Abstract

The study was conducted to determine antimicrobial activity of Artemisia vulgaris essential oil (AVEO), and to see the effect of drying of herb for AVEO extraction on its antimicrobial activity. AVEO was extracted from fresh chaffed herb and dried powdered herb and tested on 1199 strains of 113 species of pathogenic, potentially pathogenic and environmental microbes belonging to 33 different genera, 1172 were bacteria and 27 were yeast and moulds. Although more number of strains was sensitive for AVEO extracted from fresh herb (23%) than AVEO from dried herb (21%), difference was statistically insignificant (p, 0.40) between AVEOs extracted from fresh or dried herb.
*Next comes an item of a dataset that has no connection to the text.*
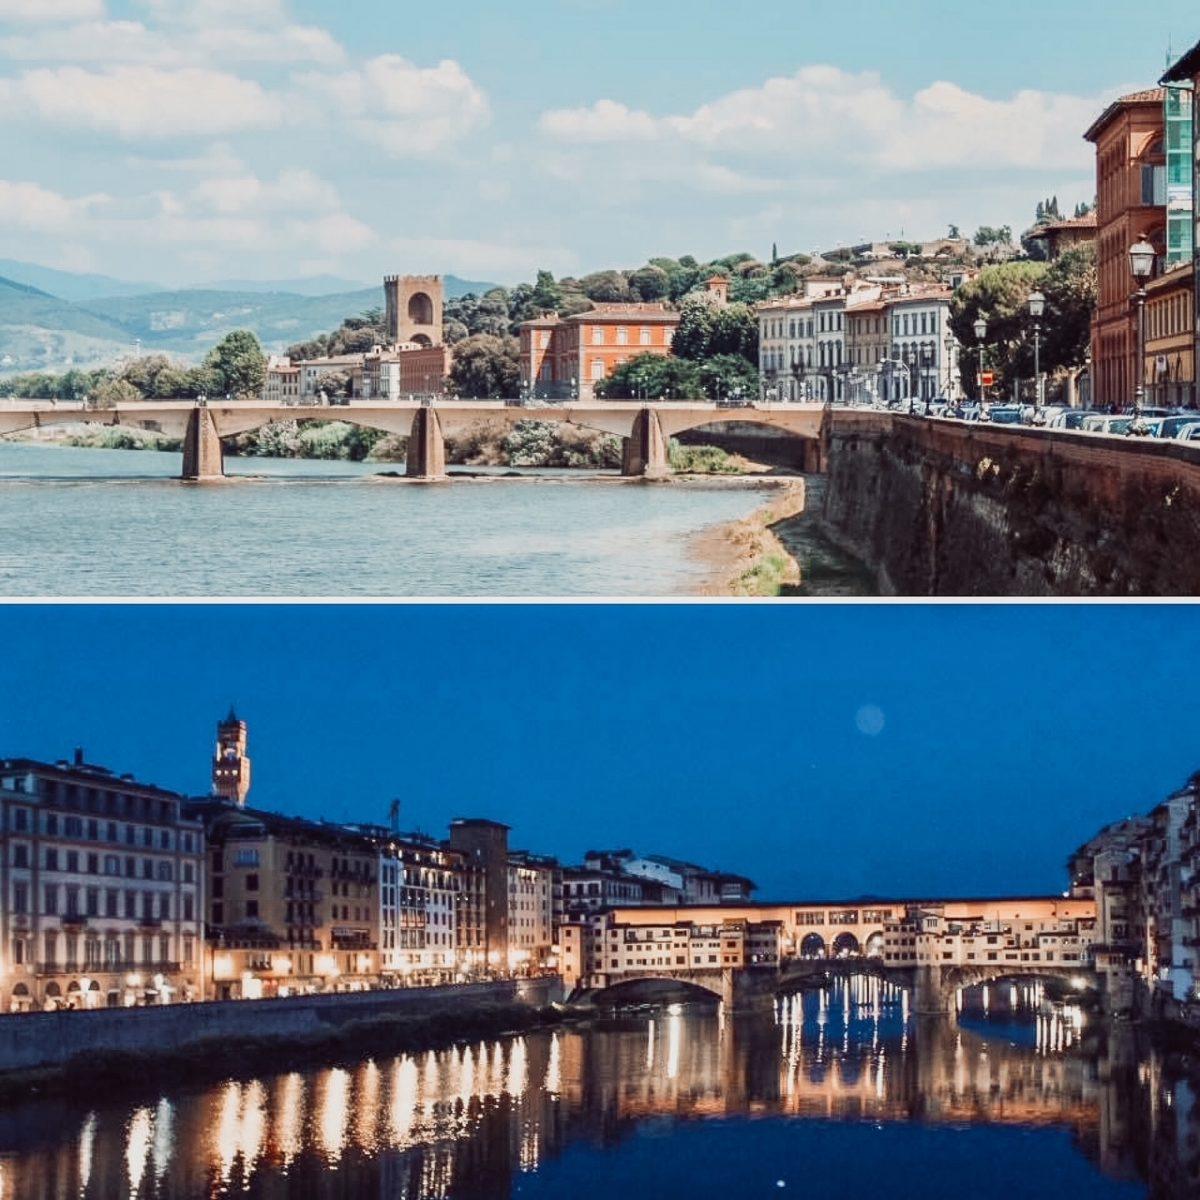 Bridges of Florence, Italy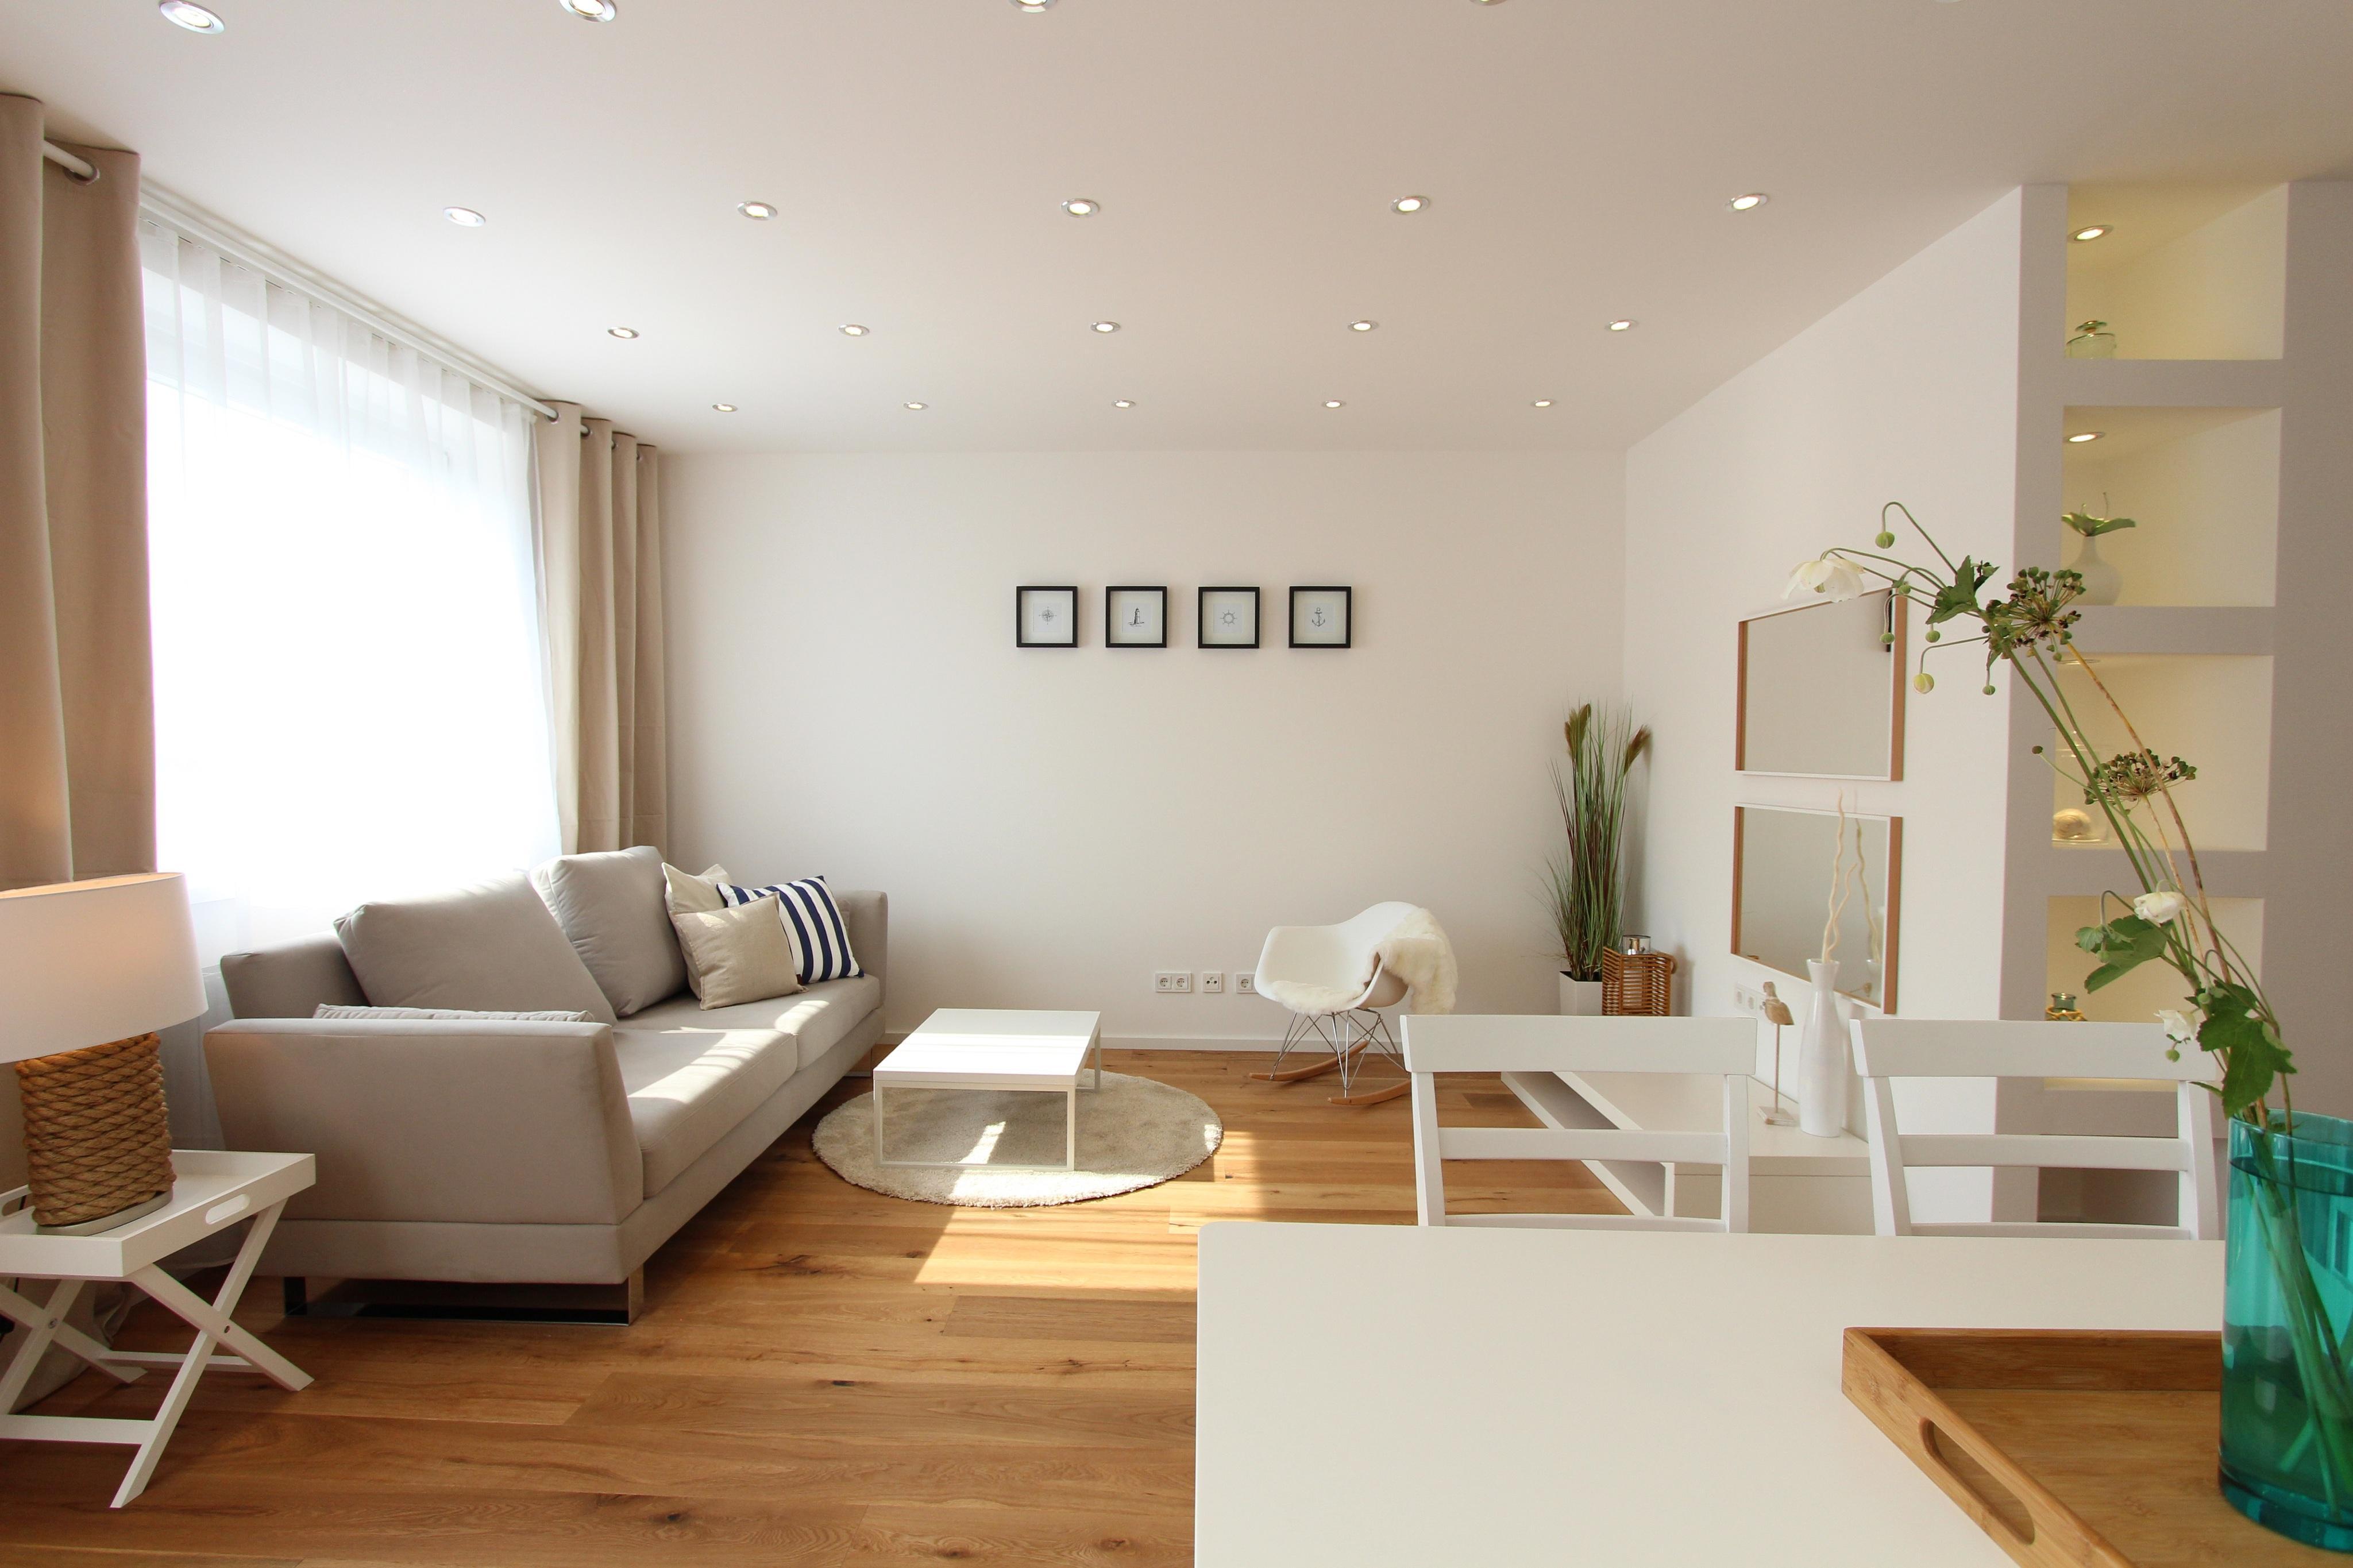 Fantastisch Hamptons Light #wohnzimmer #maisonette #schaukelstuhl #landhausstil ©Hemmer  Isabella

About 19.9% of bacterial and 25.9% of fungal isolates were sensitive to AVEO. Interestingly, oxidase positive strains (63.7%) including those of pseudomonads (60%), aeromonads (53.6%), spore forming bacilli (71.6%), Pastuerella (83.3%) and micrococci (66.7%) were comparatively more sensitive (p, <0.001) than oxidase negative bacteria (8.3%) to AVEO. Of the 114 clinical isolates (associated with illness in human and animals) belonging to 25 bacterial species, 23 (20.2%) were sensitive to AVEO. Clinical isolates were significantly (p, 0.03) more sensitive than isolates from healthy human and animals (12.6%). Thus for better antimicrobial activity AVEO should be extracted from fresh herb. The AVEO may be an effective therapeutic agent of future either as such or as the source of some novel antibacterial molecule(s) particularly against oxidase positive bacteria.